The enzymatic activity of HCAII_pwt and the mutants were determined by the esterase activity assay, which monitors the appearance of p-nitrophenolate anion spectrophototometrically during the hydrolysis of p-NPA [33]. The 1-mL assay mixtures contained 1 mM pNPA, 3% acetone and 10 mM Tris-H₂SO₄, pH 7.5. The reaction was started by the addition of 1.5 μM enzyme, and the hydrolysis of pNPA to pNP was monitored by following the increase in absorbance at 348 nm at 25 °C. The final value was obtained by subtracting the background values for the non-catalyzed ester hydrolysis.

The unfolding of HCAII_pwt and the mutated proteins were performed by incubating the proteins in 10 mM Tris-H₂SO₄ buffer, pH 7.5, in the presence of various concentrations of GdnHCl for 16 h at 25 °C. Then spectroscopic experiments were performed to monitor the structural changes of the samples. The final protein concentration was 0.8 μM. The unfolding data were fitted to a three-state folding model as described previously [5].

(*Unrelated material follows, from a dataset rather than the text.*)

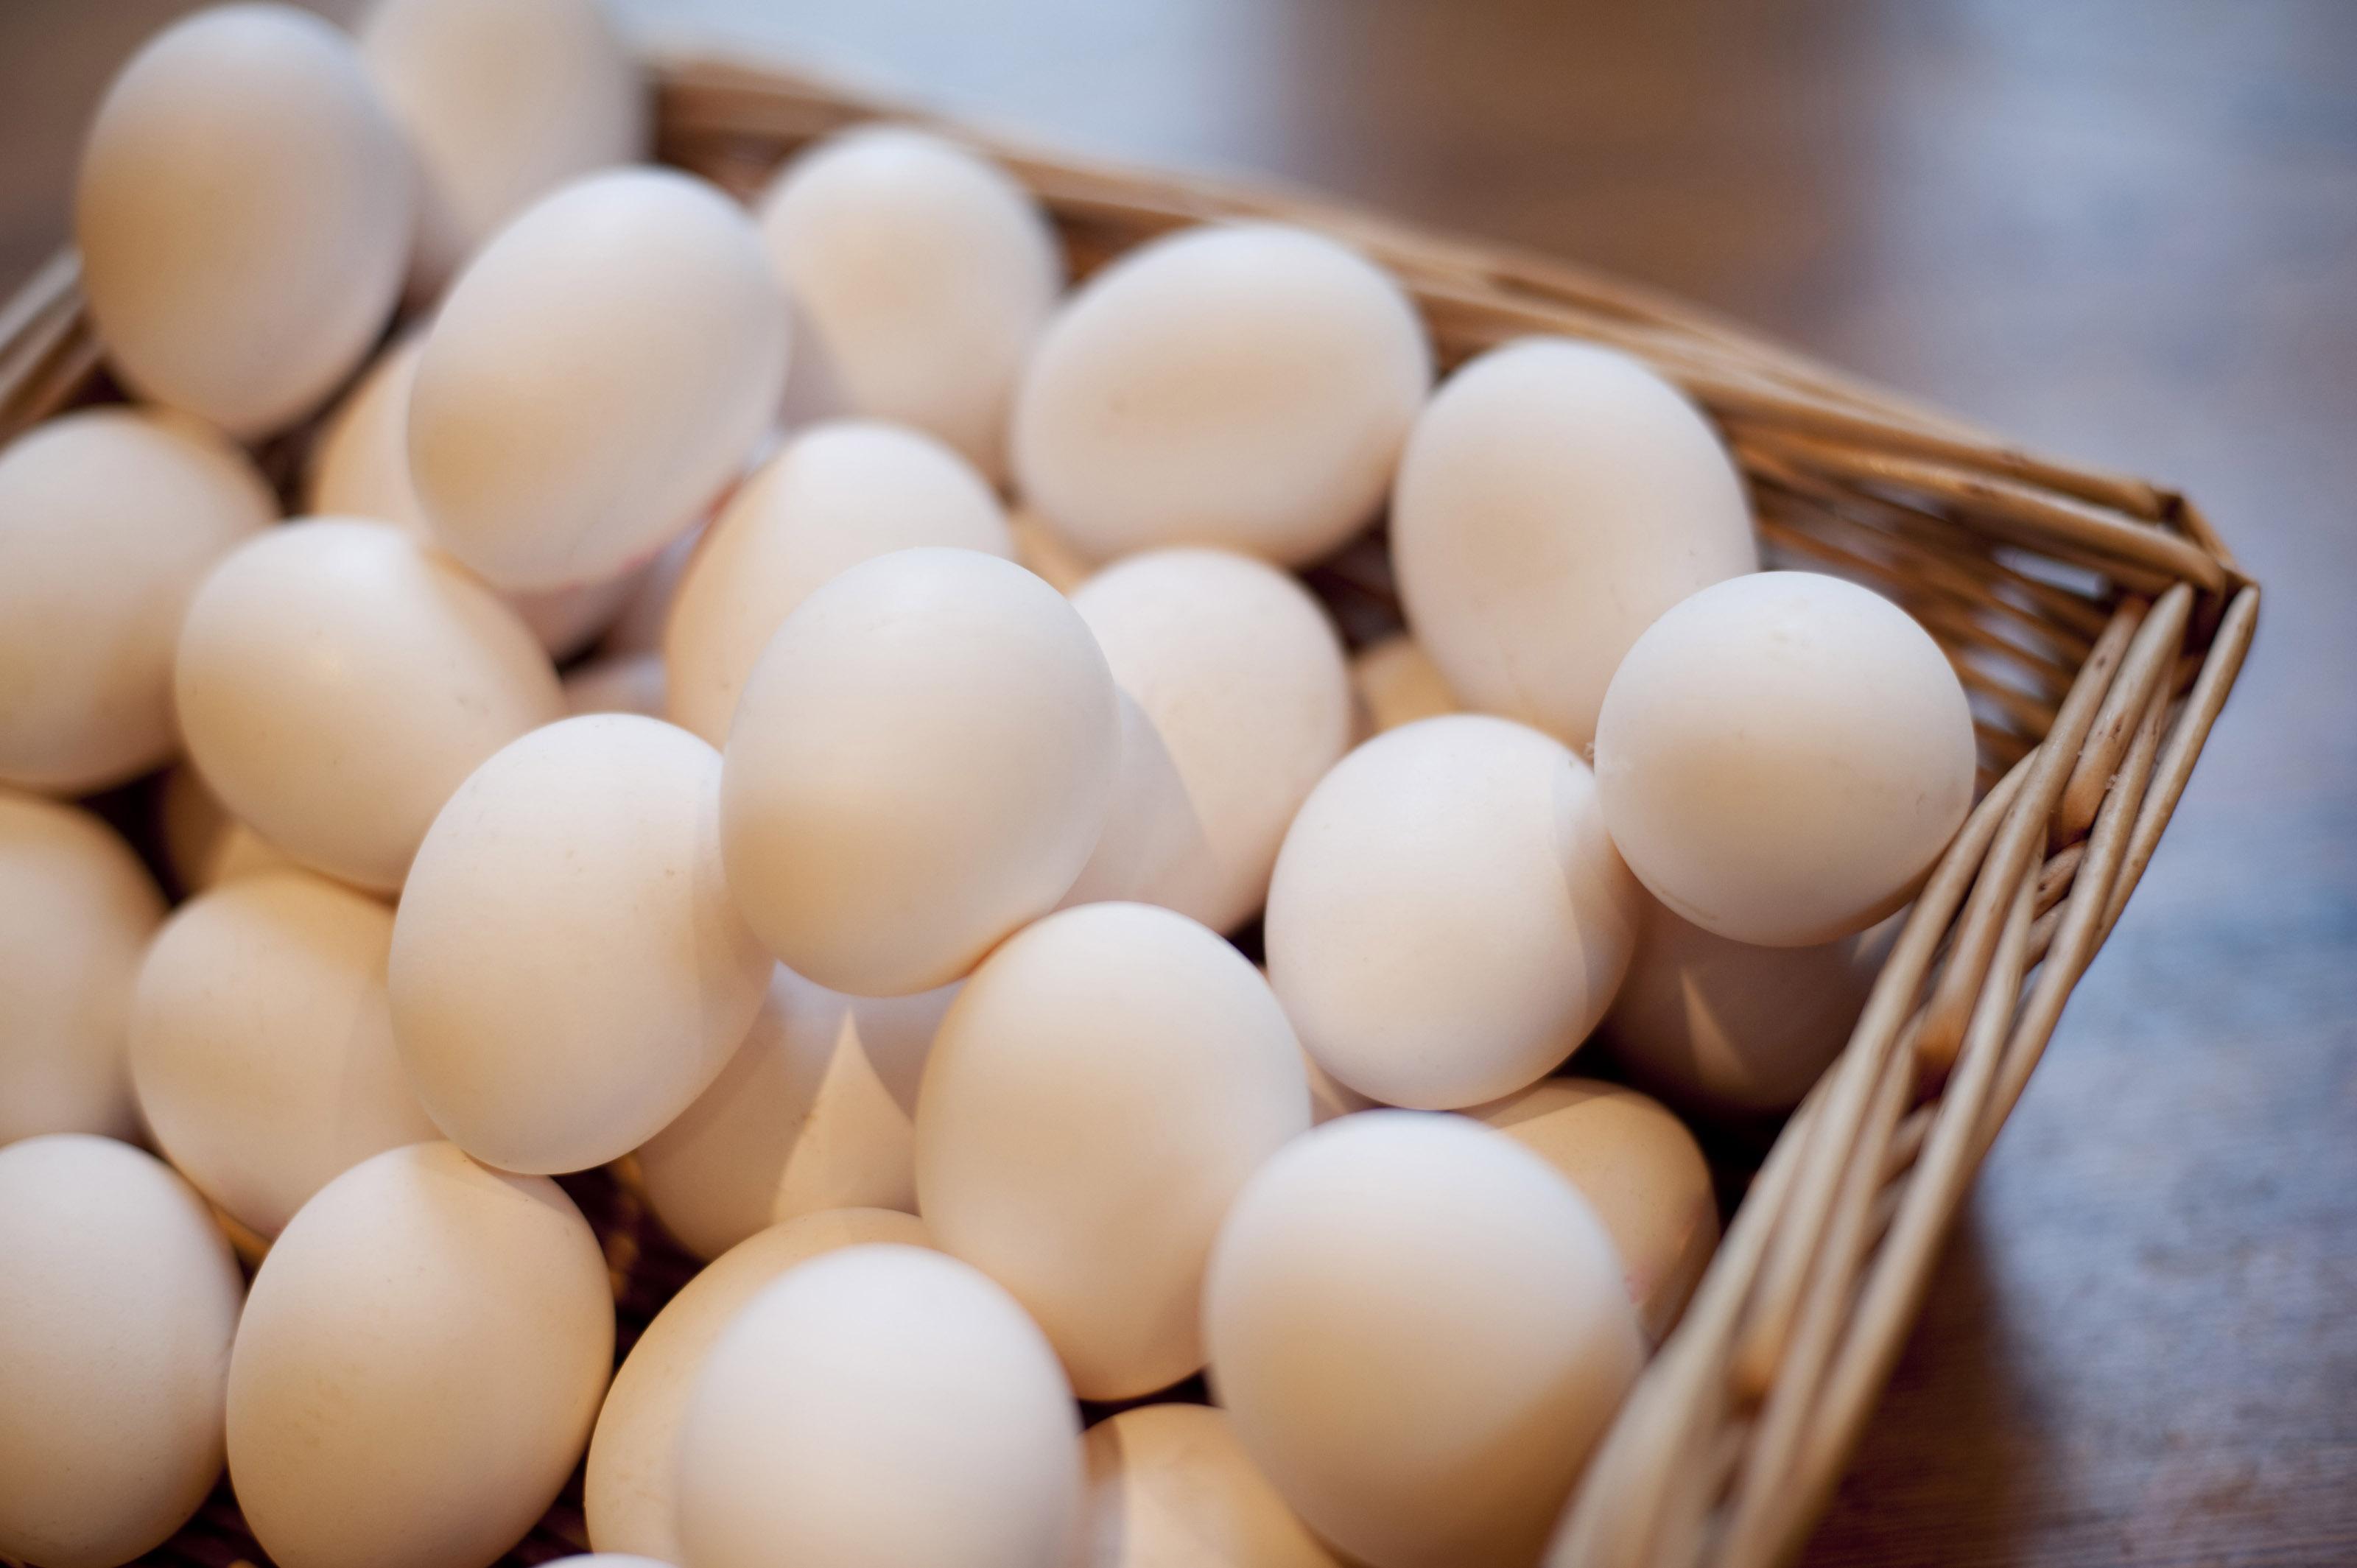 تخم مرغ گران شد/ ستاد تنظیم بازار و سازمان تعزیرات نظارت جدی بر بازار داشته باشند

The intrinsic Trp fluorescence was measured using a 1 cm path-length quartz cuvette on a Hitachi F-4500 spectrophotometer at 25 °C. The excitation wavelength was 295 nm with both the entrance and exit slits of 5 nm, and the emission spectra were collected between 300 nm and 450 nm. The Far-UV circular dichroism (CD) spectra were recorded on a Jasco-715 spectrophotometer (Tokyo, Japan) over a wavelength range of 190–250 nm using the 0.1 cm path-length cells. The protein concentration for CD experiments was 1.5 μM. The presented spectra were the average of three repetitions.

The changes in the Gibbs free energy (ΔΔG) induced by mutations at position 237 were calculated by FoldX (version 3.0 beta3) [20]. The structure of the wild type protein (PDB ID: 2CBA) was minimized using the “RepairPDB” command to identify the residues that had bad torsion angles, van der Waal’s clashes or total energies belonging to the complex interface. Then individual mutations were built using “BuildModel” command and the ΔΔG values were extracted from the FoldX output files.